L'évolution du concept depuis le Livre blanc de 1994
Ce qui m’a été demandé de vous présenter concerne l’évolution de notre concept de défense entre le Livre blanc, qui a été rendu public par le gouvernement de M. Balladur en février 1994, vingt-deux ans après celui rédigé sous l’autorité de M. Michel Debré, et les réformes de notre système de défense qui ont été annoncées par le président de la République à la suite de plusieurs Conseils de défense, en février 1996. M. François Géré retracera ensuite l’évolution du contexte stratégique qui est un élément d’explication majeur de ces modifications.
L’évolution naît d’abord à l’extérieur : elle est dans la modification fondamentale qui a surgi pour l’histoire de la défense française en 1990-1991 et qui, d’une certaine façon, s’est achevée en 1994 lorsque le dernier soldat soviétique, devenu russe, a quitté le territoire de la république d’Allemagne réunifiée : ce jour-là, le 31 août 1994, s’est achevée une époque. Il ne doit échapper à personne quelle fut l’importance fondamentale de cette transformation. En dehors de toute théorie, notre dispositif de défense était très largement façonné par la nécessité de faire face à une menace majeure, à dominante aéroterrestre, mais non exclusivement, située à deux cent cinquante kilomètres des frontières françaises. Même en faisant abstraction de la position singulière adoptée par le général de Gaulle par rapport aux deux blocs, qui nous dotait d’une politique indépendante et de ses moyens, nos armées et nos équipements étaient conçus, organisés, déployés, pour être en mesure de faire face à la bataille principale en Centre-Europe. Nous avions aussi une marine qui avait pour vocation de maîtriser le contrôle des zones de circulation maritime essentielles, notamment en Atlantique où devaient passer les moyens de renforcement des États-Unis vers l’Europe.

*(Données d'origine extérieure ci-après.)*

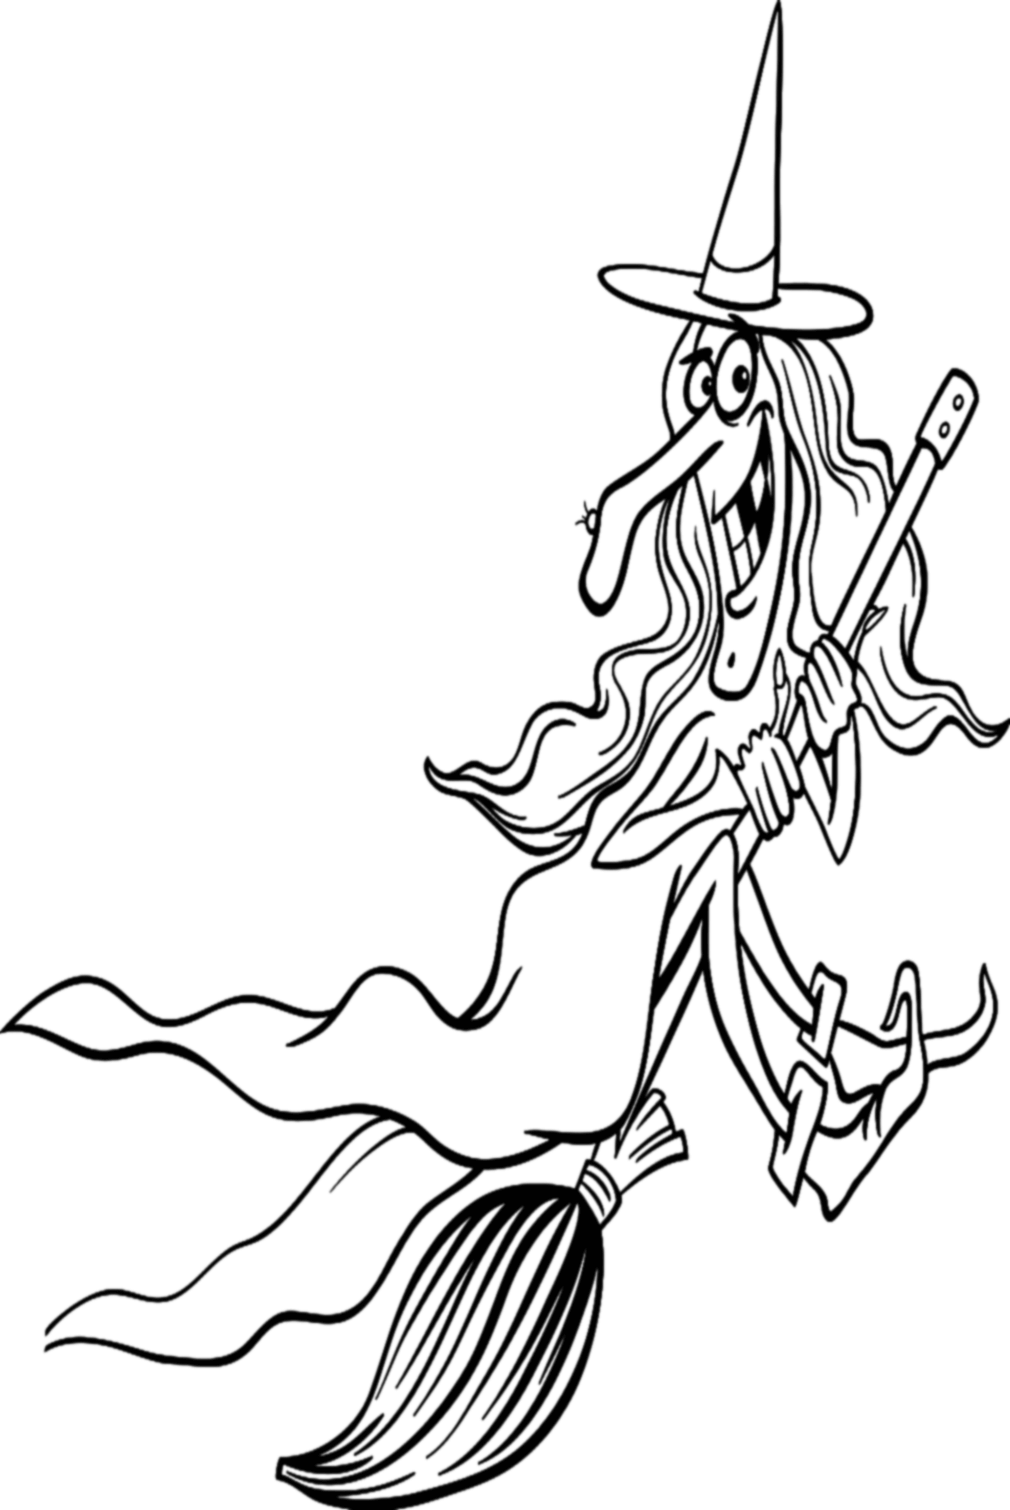 Раскраска Мультяшная шляпа ведьмы из шляпы ведьмы

Ce système est profondément bouleversé. À partir du moment où les armées françaises, singulièrement de l’air et de terre, ne sont plus organisées pour se battre en deuxième ou en premier rideau à moins d’une centaine de kilomètres des frontières françaises, à partir du moment où les besoins militaires et les spécifications des équipements qui sont requis du fait même de cette mission sont transformés, il apparaît nettement qu’en réalité c’est l’ensemble de notre système militaire qui est remis en question. Cela ne s’est pas fait en un jour : dès 1991, un début de réflexion apparaît avec des modifications dans notre posture nucléaire, l’élimination précoce des missiles Plu ton, le gel du programme Hadès, la mise en place du corps européen qui manifeste notre choix en faveur d’un commandement « interopérable » avec des organisations de type international ; on pourrait citer d’autres exemples, y compris dans l’organisation du commandement français, avec plusieurs réformes importantes comme la création de la direction du renseignement militaire, le centre opérationnel interarmées, etc.